Bölüm 8

444 41 1
                                    

"Çocuklar çok zorlanmazlar, değil mi?'' Taeyong endişeyle sorduğunda Johnny kafasını iki yana salladı, Taeyong'un odağı sadece kendisi olmak istiyordu.

''Mark eşyalarını hiç kendi dizmedi, bırak bu sefer özgür olsun.'' Johnny Taeyong için sandalyeyi çektiğinde Taeyong kocaman gülümsemiş ve oturmuştu. Johnny de karşısına oturunca mırıldandı.

''Anneniz gerçekten bu kadar karışan biri mi?'' Johnny sırıttı.

''Bana karışmaz ama... Mark küçükken öğrenme zorluğu yaşıyordu. Bu yüzden annem üzerine daha çok düştü ve pek seçim hakkı tanımadı, çok düşünemediğinden dolayı. Sonradan bu sorunu halletiler ama annem Mark'ın seçimlerine karışmaya devam etti.''

''Artık sorun yaşamıyor... değil mi?'' Taeyong aklına gelenle sandalyeden kalktı ve bir bardak, bir çift çubuk çıkartıp Johnny'e uzattı, Johnny masadaki meyvesuyunu bardağa yavaşça dökerken Taeyong'a cevap verdi.

''Yok, yaşamıyor.

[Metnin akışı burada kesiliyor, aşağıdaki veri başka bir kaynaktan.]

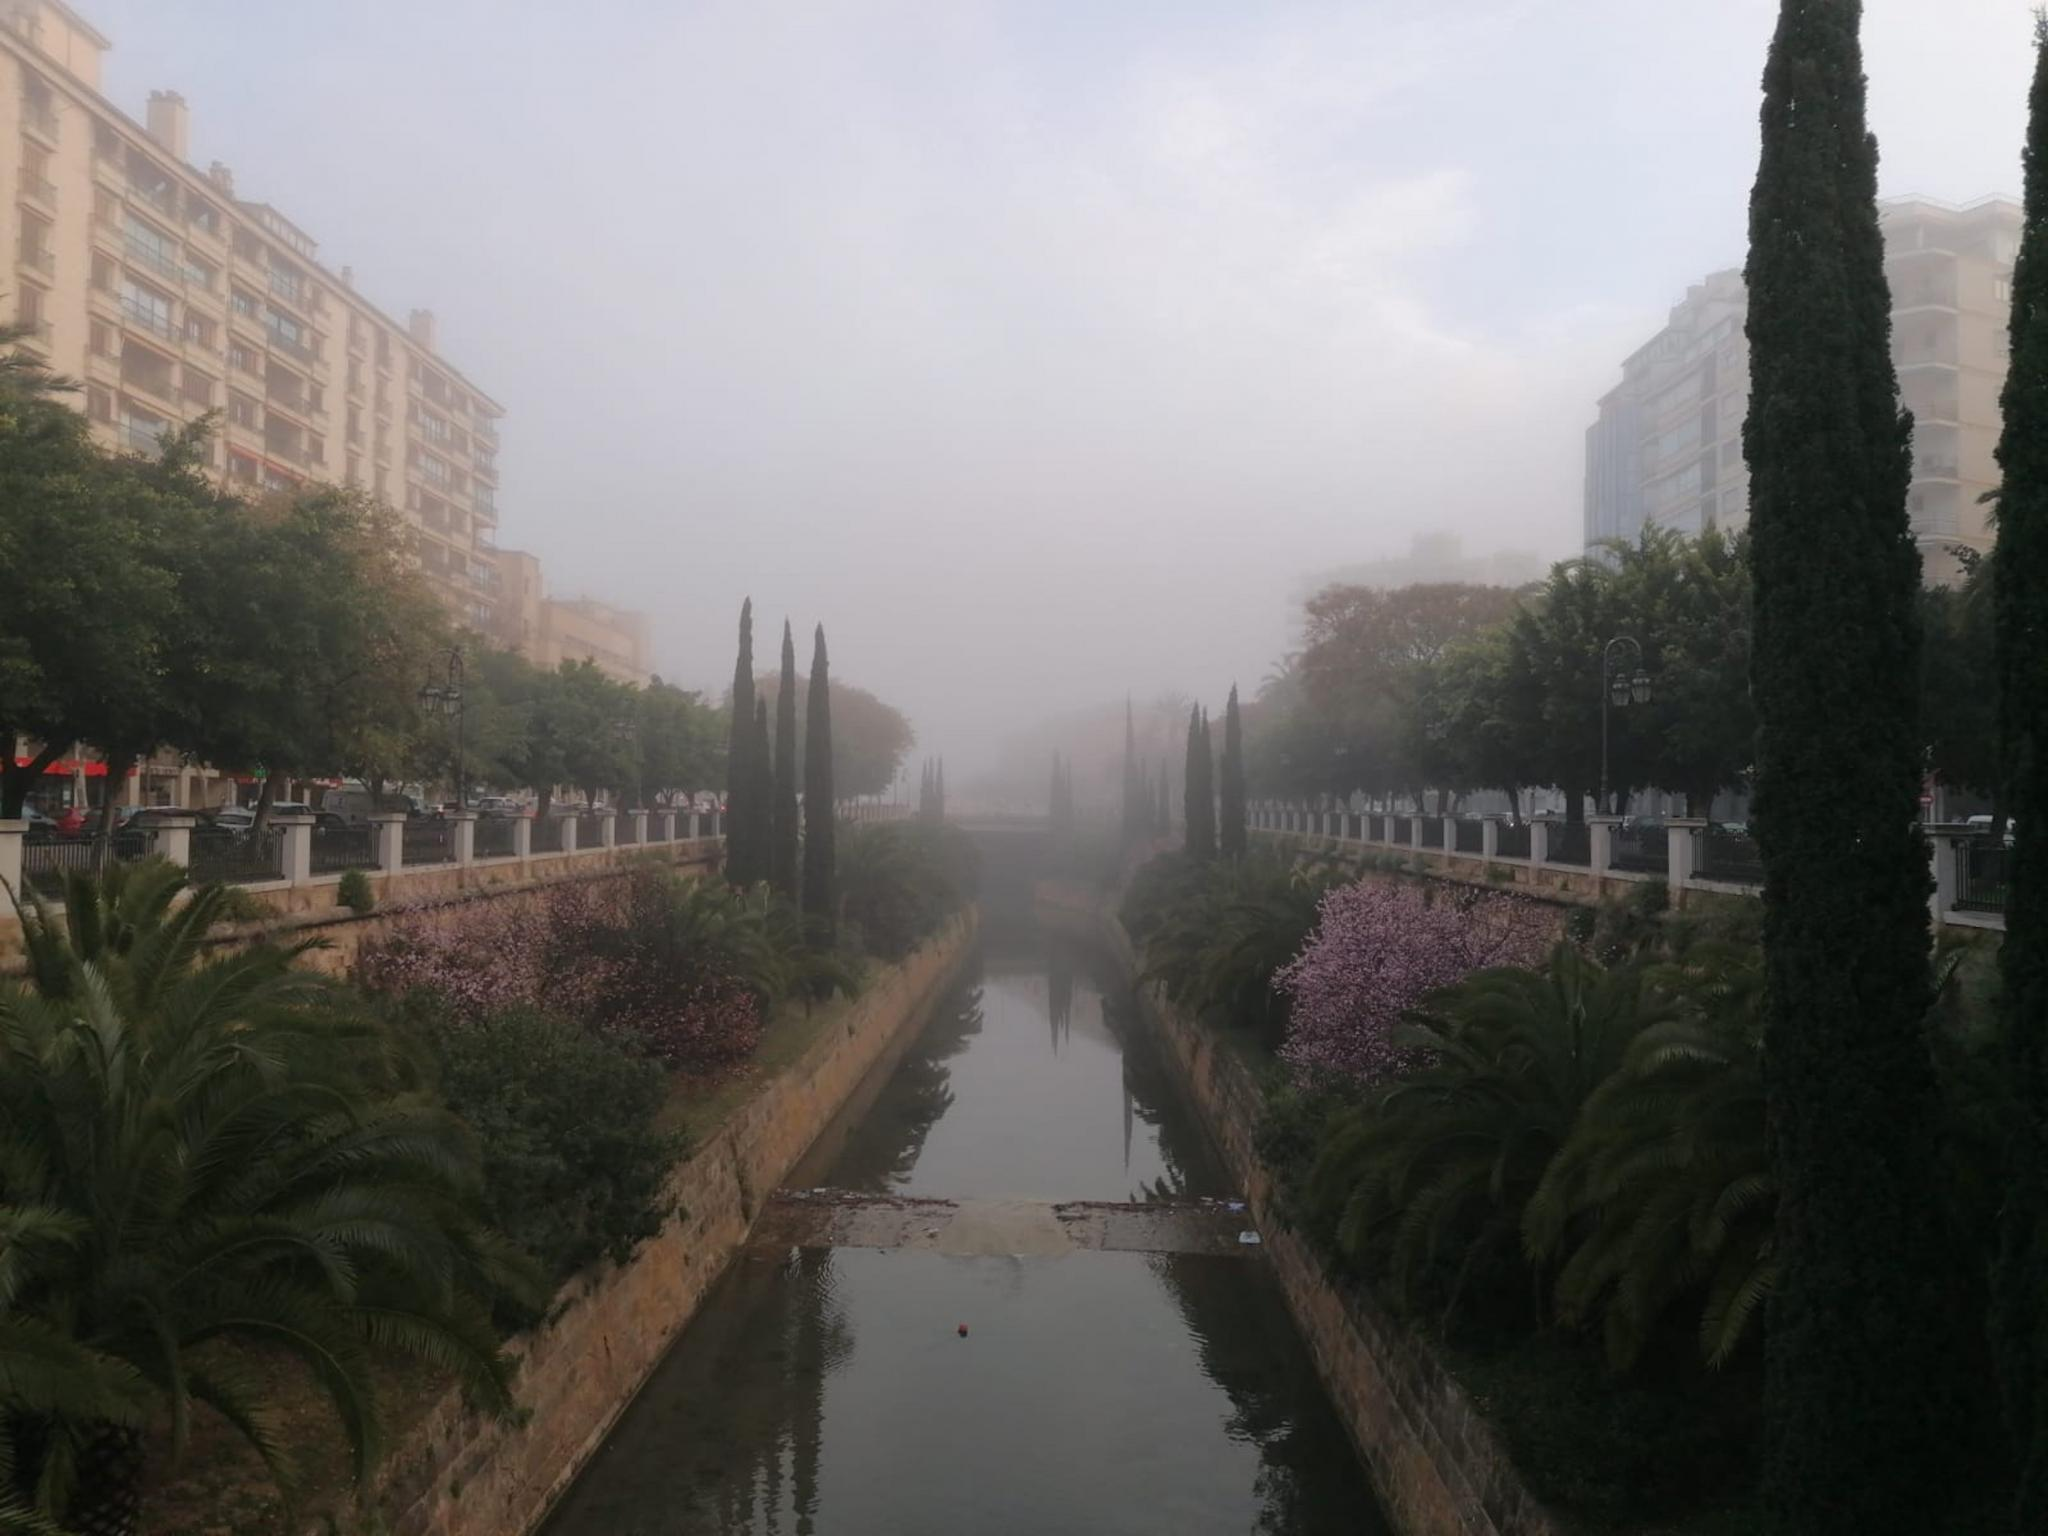 Paseo Mallorca in Palma shrouded in fog.
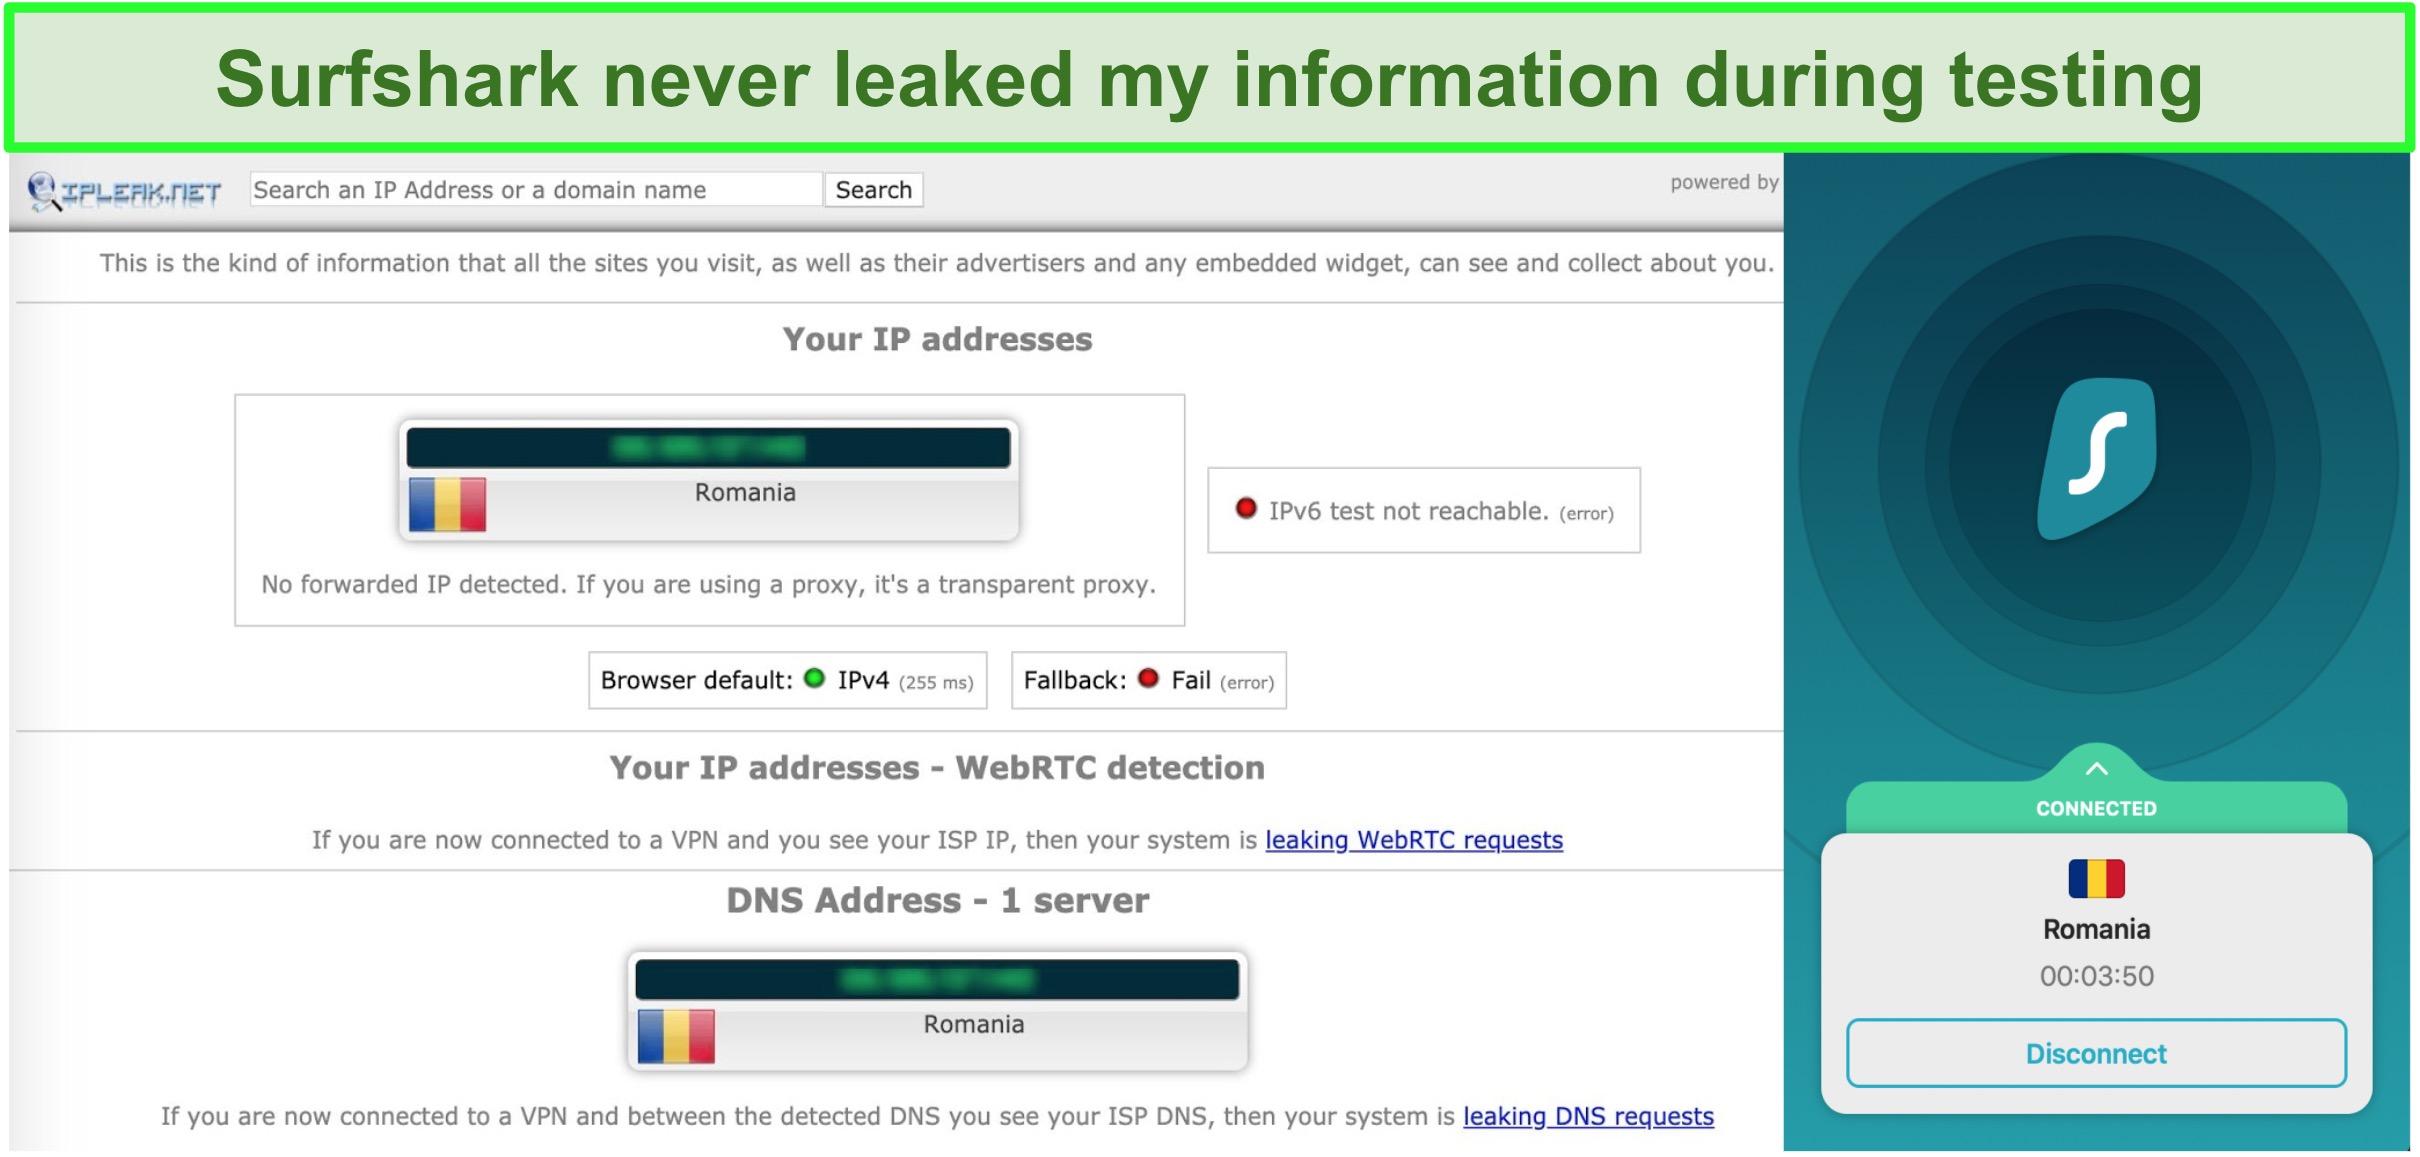 Screenshot showing Surfshark passed IP, DNS, and WebRTC leak tests

Fakat biraz içine kapalı, ilkokulda dışlandığında özgüveni eksildi sanırım, bir daha yükseltemedik.''

''Yaa, ben ona ilgi gösteririm!'' Taeyong sevimli bir şekilde söylediğinde Johnny gülümsedi.

''Benim buna karşıtlığım yok, eminim Mark da çoğu yönden yardıma duyacaktır. Bilirsin, dikiş, gerekirse pansuman, bazen yemek gibi...''  Taeyong gülümsedi, o portakallı meyvesuyunun aksine ananas suyunu yudumluyordu.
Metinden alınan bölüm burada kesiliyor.